Farm Wisconsin Discovery Center

The Farm Wisconsin Discovery Center was focused on finding a way to tell that story in an exciting way. Not just through engaging interactive displays, but with realistic hands-on experience of the farming life. To deliver on this goal, Electrosonic provided a series of audio-visual experiences to give visitors an engaging immersive insight into the way agriculture works. Visitors can take an interactive journey from the farm to the table.

They can get up close and personal with a real live cow birth, experience farm work through simulations or follow food through a cow’s digestive system with a projection mapped exhibit.
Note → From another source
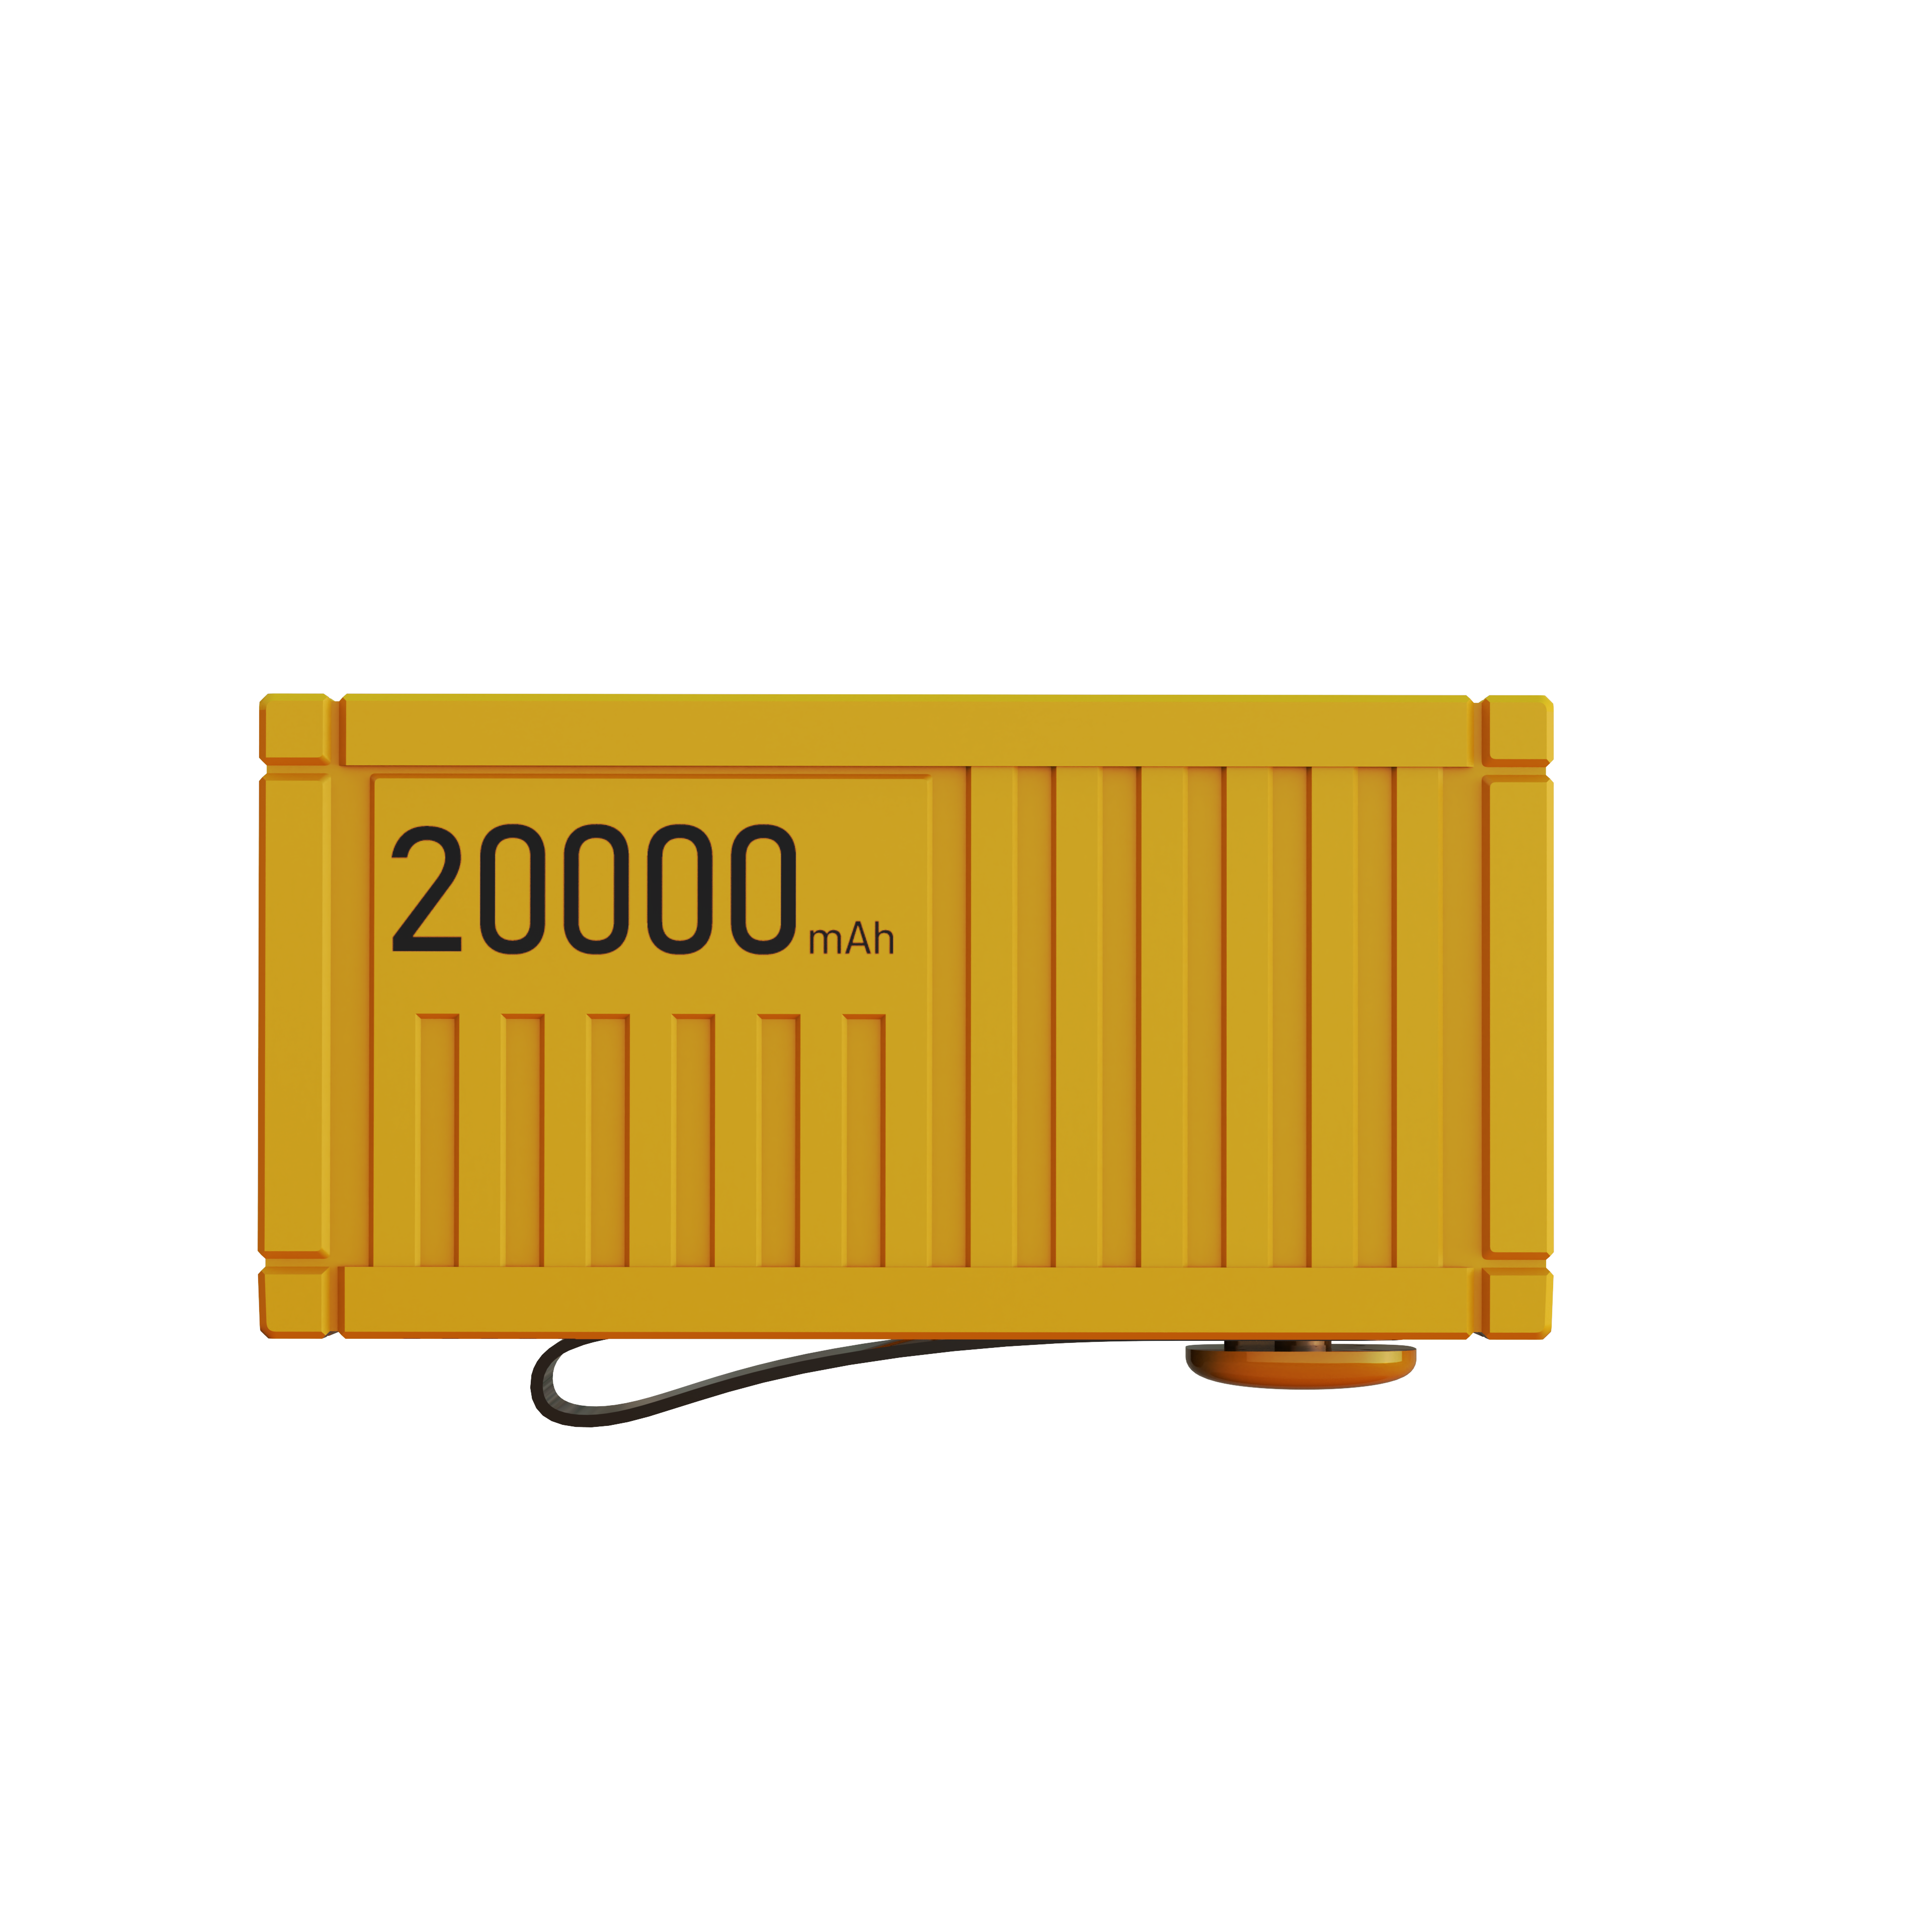 Yam Power Bank 20.000 mAh Yellow
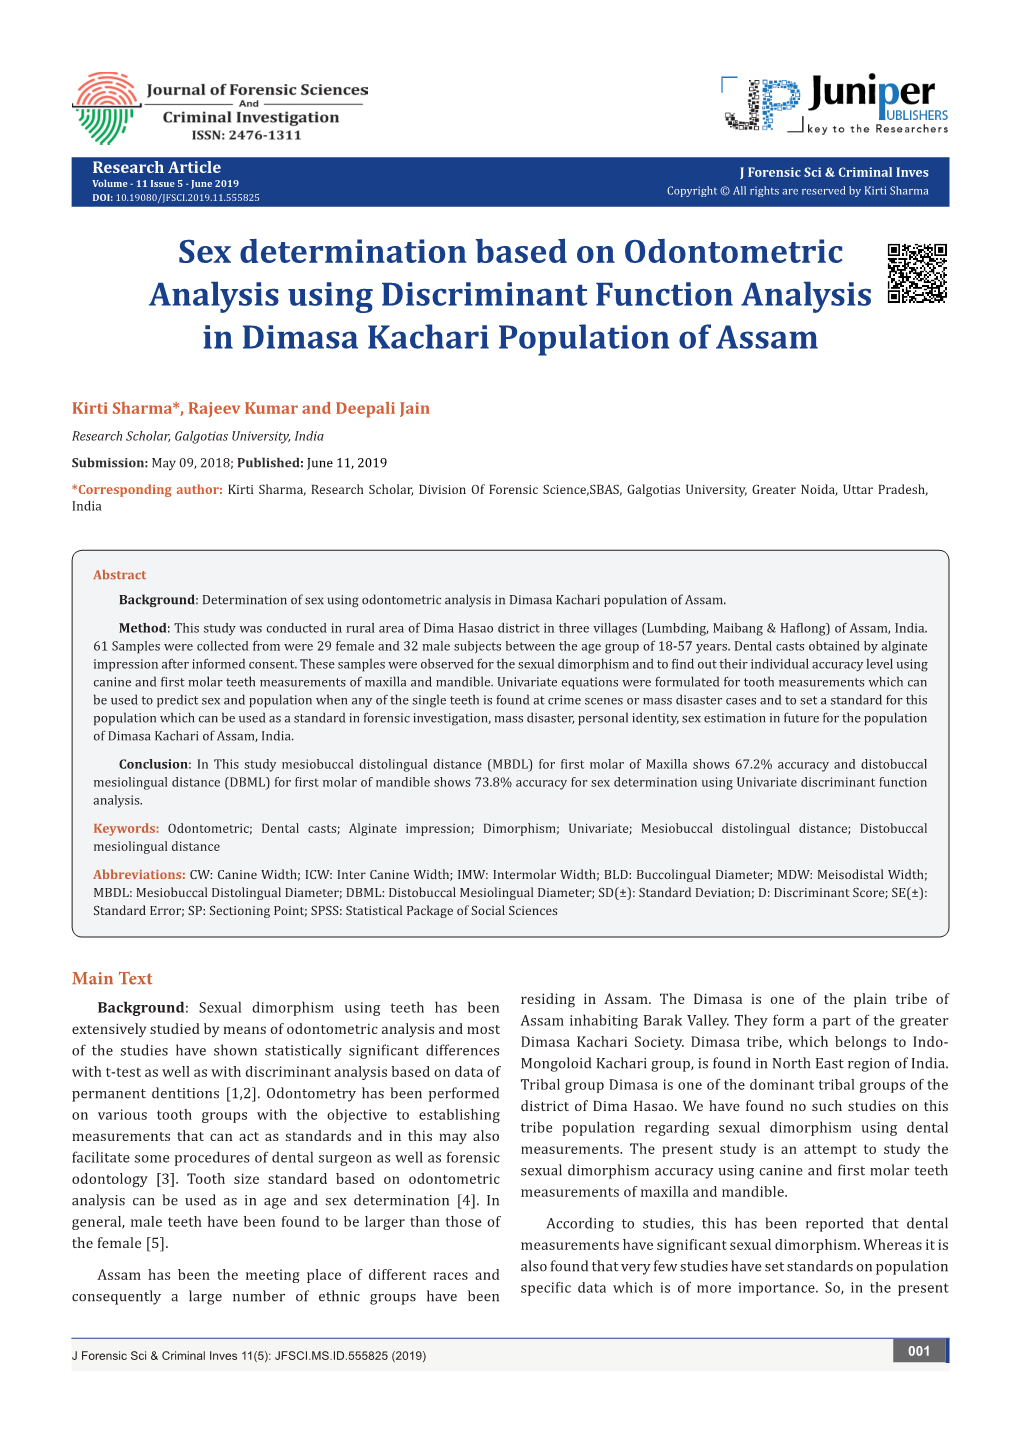 Sex Determination Based on Odontometric Analysis Using Discriminant Function Analysis in Dimasa Kachari Population of Assam

And visitors can use technology to find out how technology shapes agriculture.

Chicago Science and Industry Museum

Exhibit-goers begin by rediscovering the nature of energy in the dynamic Energy Garden area, where they can transform energy from one form to another via a series of electro-mechanical devices and immerse themselves in a short film that dramatically presents the story of energy in our world. Guests then convert their knowledge into action via a multi-player simulation game in which they design an energy-saving car, house, neighbourhood, transportation system and city power grid.

Future Power illustrates the need for a smart mix of energy on a round table with three overhead Panasonic projectors, while the Future Transportation game is laid out on a polygonal table with two overhead projectors above. Future Car invites guests to design a new vehicle by video mapping images from Panasonic overhead projectors onto a trio of small three-dimensional car models. All of the overhead projectors feature gesture recognition. A 24 by 8-foot scoreboard keeps track of the teams’ interactive gameplay; a pair of edge-blended Barco 3-chip DLP projectors and Tannoy speakers display the scores and announce the winners.

National September 11 Museum

The first exhibition visitors see as they enter the galleries at the National September 11 Museum is ‘We Remember’ which features recollections of people around the world as September 11, 2001, dawned. Six large, vertical screens are staggered down a 60-foot ramp; a portion of a world map is projected on each of the six screens, such that, at the top of the ramp it appears to be one cohesive map. Digital Projection projectors with mirror mounts display the content, while 16 ceiling-mounted Atlas speakers recount, in multiple languages, where people were on that fateful day.